Une chronique de Alban Pelloutier

Alban Pelloutier, Psychologue clinicien et superviseur

10 août 2026 · 17 min de lecture

L'alliance thérapeutique importe plus que la méthode

Une psychothérapie peut être menée avec une méthode reconnue, un protocole précis et un thérapeute parfaitement formé — puis échouer. Non parce que le patient serait « résistant », ni parce que la technique serait mauvaise.

L'alliance thérapeutique importe plus que la méthode

L’alliance thérapeutique importe plus que la méthode

Elle échoue souvent parce que le lien de travail n’a jamais réellement pris.

Le rôle de l’alliance thérapeutique dans la réussite d’une thérapie est moins spectaculaire que le choix entre thérapie cognitive et comportementale, approche analytique ou thérapie brève. Il est pourtant plus décisif qu’on ne le reconnaît généralement. Les recherches cliniques convergent sur ce point: la qualité de la relation, l’accord sur les objectifs et la possibilité de travailler ensemble prédisent fortement l’évolution du traitement. Une méta-analyse publiée en 2018, portant sur 295 études, confirme la robustesse de cette association.

Cela ne signifie pas que toutes les méthodes se valent. Ce serait une conclusion paresseuse. Cela signifie que les méthodes ne produisent pas leurs effets dans le vide. Elles passent par une relation. Et cette relation peut soutenir le traitement, le compliquer ou le rendre pratiquement impossible.
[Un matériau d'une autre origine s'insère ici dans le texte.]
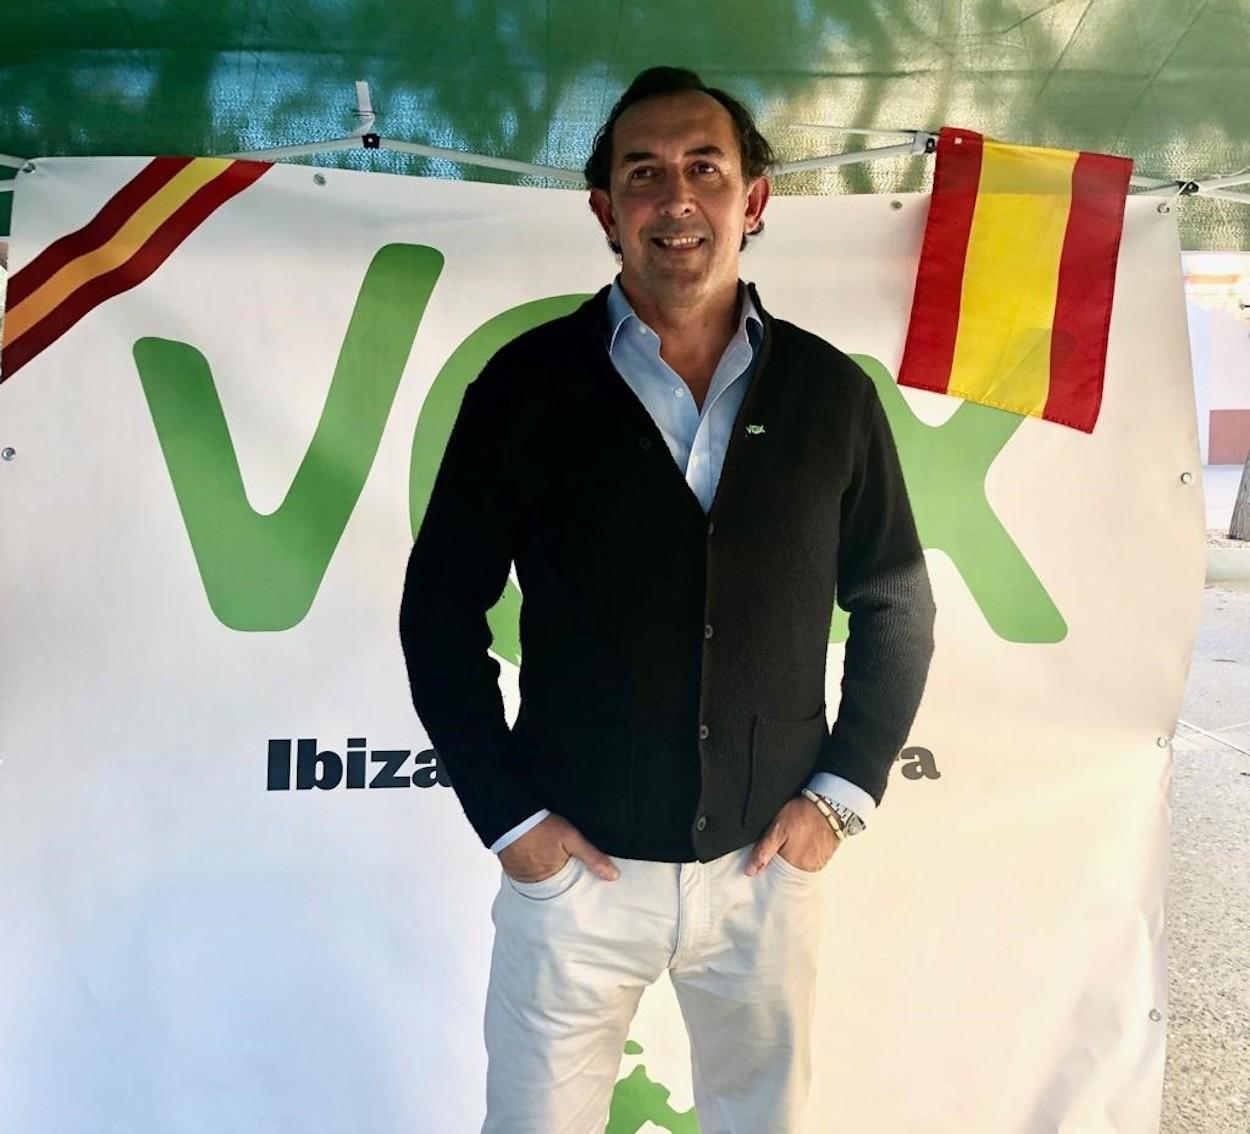 El excandidato de Vox al Senado por Ibiza y Formentera, José Luis Sánchez Saliquet.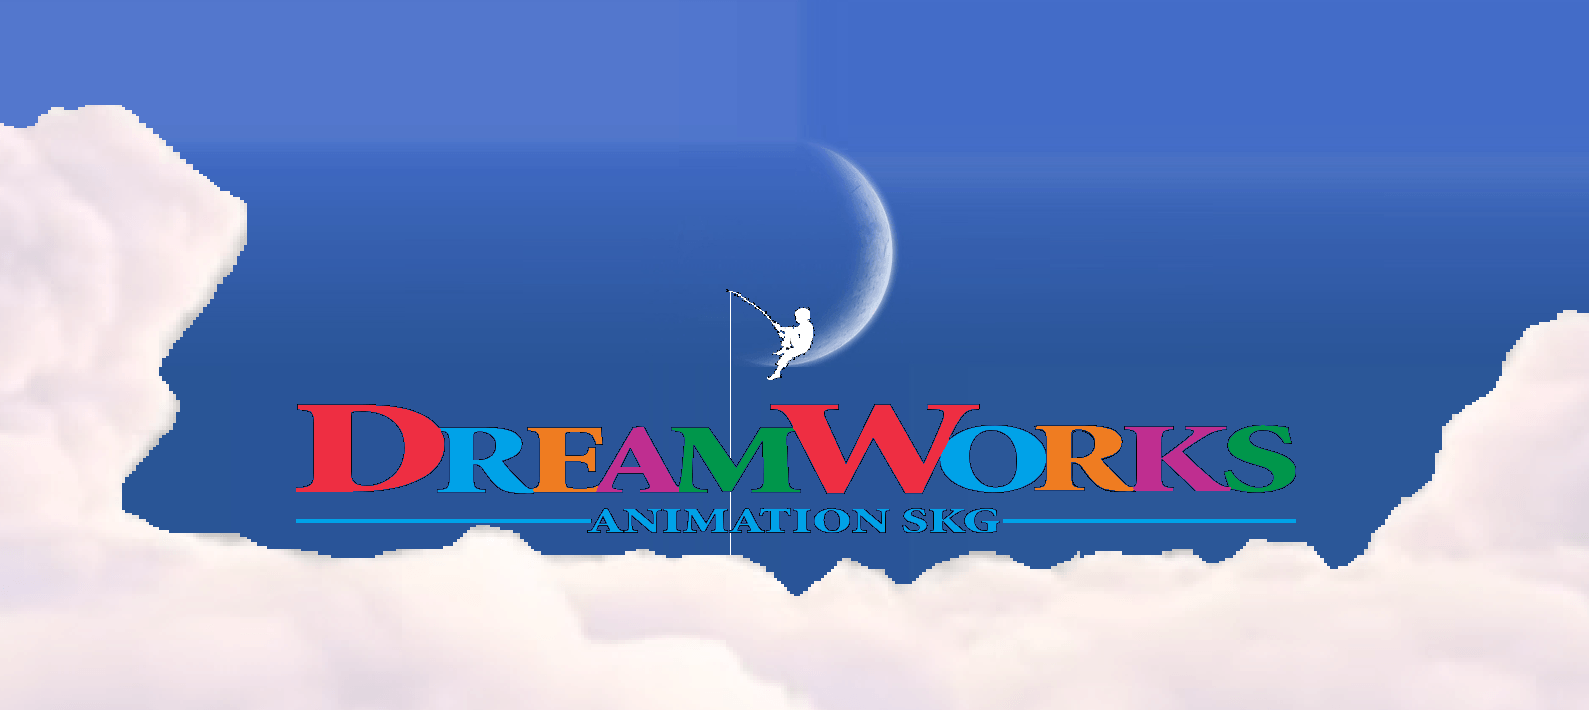 DreamWorks 2018 Logo - Image - DreamWorks Animation logo (2010-2018; daytime version).png ...

Les trois piliers de Bordin: une relation ne suffit pas

En 1979, Edward Bordin a proposé une définition de l’alliance thérapeutique qui reste particulièrement utile parce qu’elle évite une confusion fréquente. Une bonne alliance n’est pas simplement une relation agréable. Elle ne se réduit pas à se sentir écouté, compris ou rassuré pendant cinquante minutes.

Elle repose sur trois dimensions:

  • Le lien relationnel: le patient et le thérapeute peuvent-ils établir une relation suffisamment sûre pour parler de ce qui fait problème, y compris de ce qui dérange dans la thérapie elle-même?
  • L’accord sur les objectifs: savent-ils ce qu’ils essaient de modifier, de comprendre ou de traverser?
  • L’accord sur les tâches: sont-ils d’accord sur la manière de travailler pour atteindre ces objectifs?

Ces trois éléments sont distincts. On peut apprécier son thérapeute sans partager sa conception du traitement. On peut être d’accord sur l’objectif — réduire les attaques de panique, sortir d’un épisode dépressif, comprendre une répétition relationnelle — sans accepter les tâches proposées. On peut aussi adhérer à une méthode tout en ne se sentant pas suffisamment en sécurité dans la relation pour dire ce qui se passe réellement.

C’est là que les discours ordinaires sur la psychologie deviennent approximatifs. On parle de « bon feeling » comme s’il s’agissait du critère principal. Or le feeling n’est pas l’alliance. Une première rencontre peut être fluide, chaleureuse, immédiatement gratifiante. Cela ne dit pas encore si un travail clinique est possible.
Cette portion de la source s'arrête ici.